もっと厳しく叱られるべきだと思うでしょうか?
罰を受けるべきだと思うでしょうか?
言われた子の気持ちとして、そのように思うのは当然のことです。僕も娘がそういった目に遭ったら悲しいです。何度も同じようなことがあったら、担任(もしくは親)はどういう指導をしているのだろうと、懐疑的な思いを抱いてしまうかもしれません。
教師としての経験を思い返すと、友達との関わりの中で日常的に悪口を言ってしまう子は、学級に1人はいることが多いです。こうした子がいると、クラスの子どもたちからの訴えが後を絶ちません。やっぱり聞いてるだけでも不快な言葉ですし、ましてや直接言われたら我慢ならないでしょう。
だから、適切な対応をしないと、悪口を言う子を野放しにしてしまい、学級の子どもたちや保護者の方の信頼を失って学級が荒れてしまいます。担任としてそれだけは絶対に避けなければなりません。
➣彼(彼女)だけが悪い?
しかし、教師という立場から言わせていただくと、悪口を言う子だけが悪いと決めつけて厳しく指導するのは危険だと思っています。
例えば、過去に日本に来て間もない外国籍の子で、悪口を言ったり友達を押したり蹴ったり、トラブルを起こしまくる子がいました。まだ日本語を勉強し始めたばかりで、家では母国語を話しています。そんな子がどうして悪口を言ったりトラブルばかり起こしてしまうのか。
それはきっと、日本の学校生活で覚えたことです。最初は意味も分からず周りの子が使っていた悪い日本語を覚え、それを友達に言ってみると最初は笑ってくれたかもしれません。だから楽しくなってたくさん言っているうちに悪い習慣になってしまったとしたら。一概にその子だけが悪いと決めつけるのはおかしいんじゃないか、と僕は思ってしまいます。
みんなと過ごした期間が、もし、きれいな言葉であふれていたら。彼はきれいな言葉しか覚えなかったかもしれません。悪い言葉を覚えなくて済んだかもしれません。その子がそうならなかったのは、この学校生活のせいかもしれないのです。
たとえそれが、日本人であったとしてもです。僕たちはその子がどのような環境で育ってきたのかをはっきりとは知りません。その子が悪口を言ってしまう背景を詳しく知らない以上、表面的な指導しかできません。
もちろん悪口を言う子をかばうつもりもありません。言ったことはいけないことですから、毅然とした態度で指導をします。しかし、その子のことを深く知りもせずに指導しているだけでは、その場しのぎの指導に過ぎません。そのうちこちらの話を聞かなくなるでしょう。人は慣れる生き物ですから、厳しい言葉にも慣れてしまいます。

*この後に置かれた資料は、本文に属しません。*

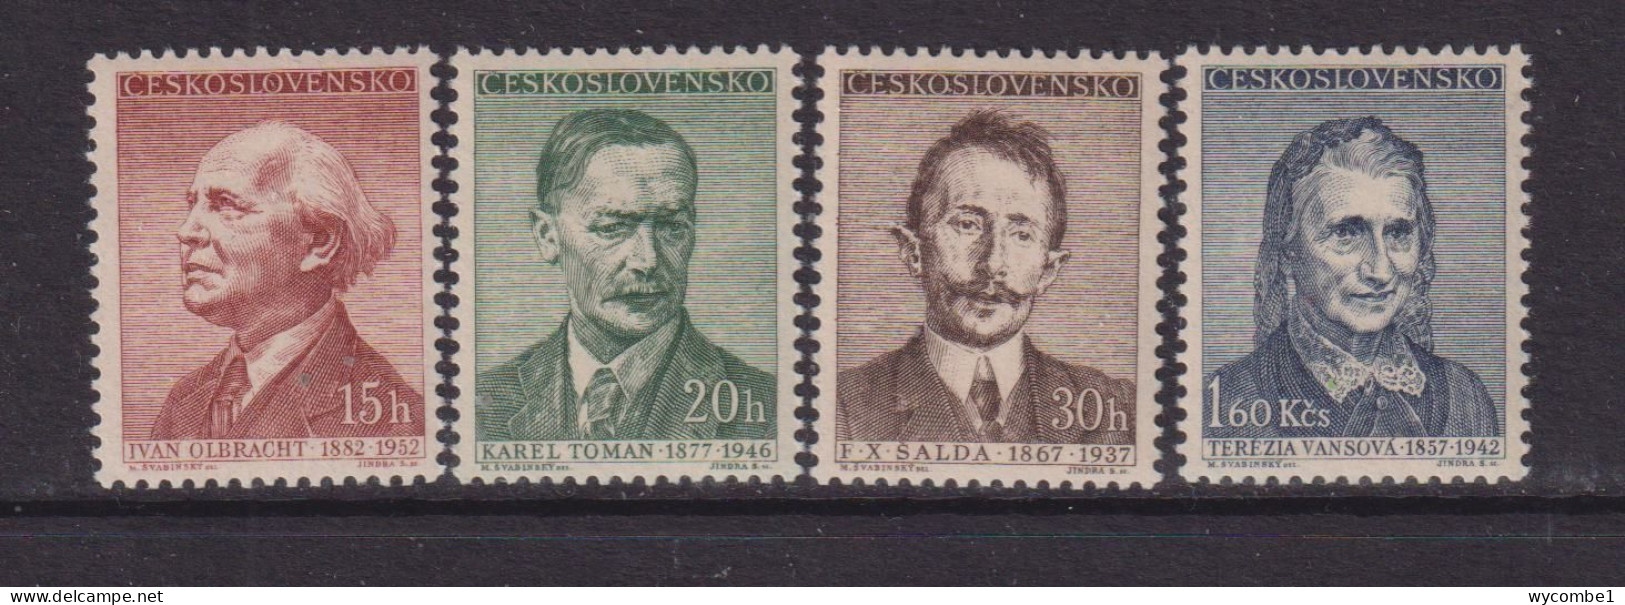 CZECHOSLOVAKIA  - 1957  Writers Set  Never Hinged Mint - Unused Stamps

そして「自分の話は何も聞いてもらえない」と先生への信頼を失っていくことにつながります。
仮にそれで言うことを聞くようになったとしても、それは、犬のしつけのような効果でしかないような気がします。結局担任が変われば、飼い主を失ったその子は元に戻ってしまいます。
➣本質的な理由を探る
ではどうするか。
ここからは(ここまでも、ですが)僕の独断と偏見で対応を考えていきます。
表面的な指導がダメなら、本質的な指導です。彼の信頼を勝ち取り、善の心の窓を全開にするしかありません。
「この先生には敵わない」
「先生を(友達を)信頼していいんだ」
そう思ってもらえるまで、あらゆる方法で心をつかんでいきます。
悪口を言う子には、まったく別の理由があるケースが多いです。学校や社会、家族あるいは自分自身への不満やストレス。それをうまく吐き出せずに友達への悪口となって出てしまっている場合が往々にしてあります。
そういった本質的な理由を引き出します。
なかなか根気のいる作業です。何せ小学生は、本人すら気付いていない場合も多くあります。でも、その子の背景や心の本質を見ようとしていれば、何かしら見えてきます。
それまで、じっくりと探り続けています。僕は教師の役割って、この「本質的な理由探し」じゃないかなと思っています。
もし、それをつかめたならしめたものです。本質的な理由に共感し、解決に向けて全力でサポートします。そういう子は、大体グチを言うのが好きです。それを聞いてあげたり、一緒にグチっちゃったりすれば仲間意識が芽生えていきます。
「勉強なんてつまんねぇ」
「うちの母ちゃん、いつもうるせぇんだよ」
「なんでこんなことしなきゃいけないんだよ」
小学生なら、本質的な理由なんてまだ可愛いものです。マンガ「Rookies」の川藤先生のごとく、一人ひとりの心をグイッとつかんでいきます。
そのうち先生のことを信頼し始めるでしょう。そして、気付いたら悪口を言わなくなっていた、という不思議な出来事が起きちゃったりするとかしないとか…^^;
そうした問題をうまく取り除いてあげられた子は、担任が変わっても落ち着いて学校生活を送ることができるようになりました。
➣周りの子の理解がすごーく大切
担任として
「関係作りが大切。じっくり構えていくぞ」
と思っていても、周りの子はそんな悠長なことは言ってられません。
「いち早くその子を何とかしてほしい」
「悪口をやめさせてほしい」
そう思うのが自然ですよね。
そこで思い出して欲しいのが「ジャイアン」です。
ジャイアンは乱暴で怖いイメージがあります。でも、友達と悪口を言い争ったり、ケンカをしたりするシーンはあまり見かけません。むしろ、口調は乱暴だけど、本当は心の優しい人なんだというイメージがあって、好きなキャラだという人さえいます。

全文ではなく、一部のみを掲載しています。